For those curious as to why Claude 3 Opus received a lower score than Claude 3 Sonnet: this prompt was written for a specific model, and we didn’t make any changes for testing. We found that Claude 3 Opus sometimes left out key facts in an effort to be concise, which resulted in a lower overall score on some questions.

Claude 3.5 Sonnet Smart Chat Qualitative Model Performance chart

Takeaways

Anthropic’s latest model Claude 3.5 Sonnet is a leap forward in Anthropic’s offerings, pairing performance increases on-par with the best frontier models with enhanced reasoning and the best writing we’ve yet seen from a model.
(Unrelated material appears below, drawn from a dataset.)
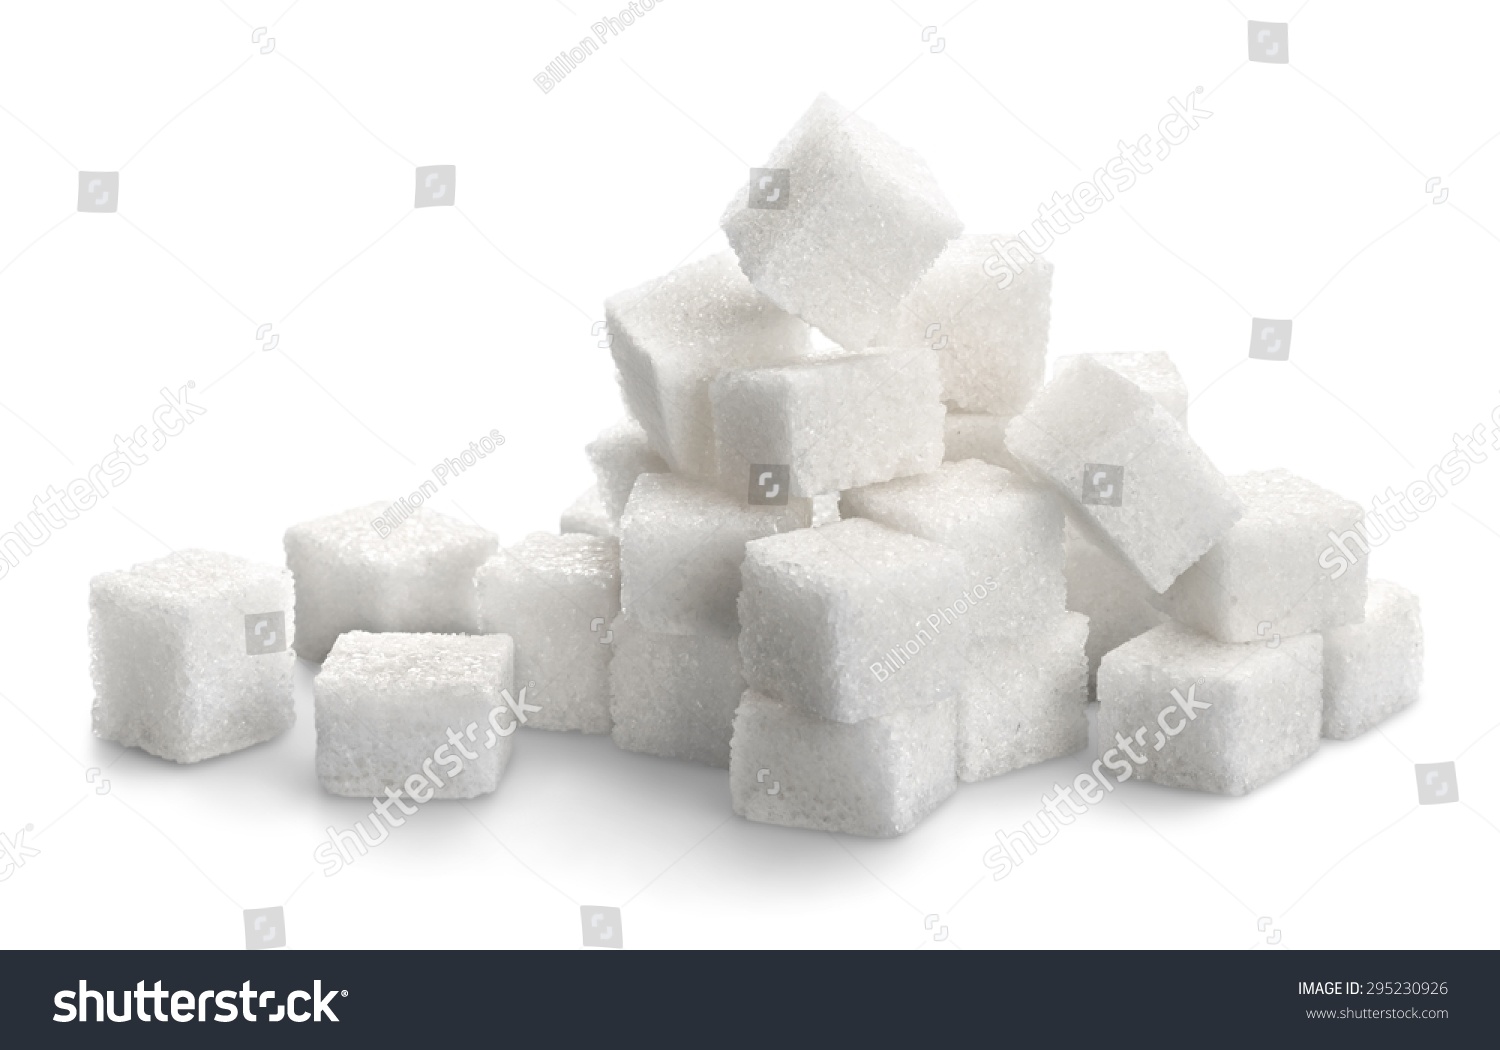 Sugar, Sugar Cube, Cube. #295230926

While we do have more QA to do before deploying Claude 3.5 Sonnet in our production features, we’re continuing to test and expect to roll it out to some features within the coming weeks.

The pace of model development means we’ll soon have new models to test from Anthropic and our other LLM vendors, and Asana is eager to test new models as they become available. Our investment in robust QA has given us the capability to evaluate frontier models within hours. Of course, results may vary depending on your techniques and use cases.

The frontier of large language models continues to evolve at a blistering pace, and at Asana we’re committed to using the latest and most powerful models to power our AI teammates. We’re enabling our customers to leverage the power of AI to build complex AI workflows, helping supercharge the way work gets done.

P.S. — If this work interests you, we currently have a number of openings in our AI org at Asana. Check out our careers page for more info.

¹ We’ve updated this performance data with production statistics since Claude 3.5 Sonnet’s public release.

² For us, this means picking out data in the right task in a large project or Asana organization.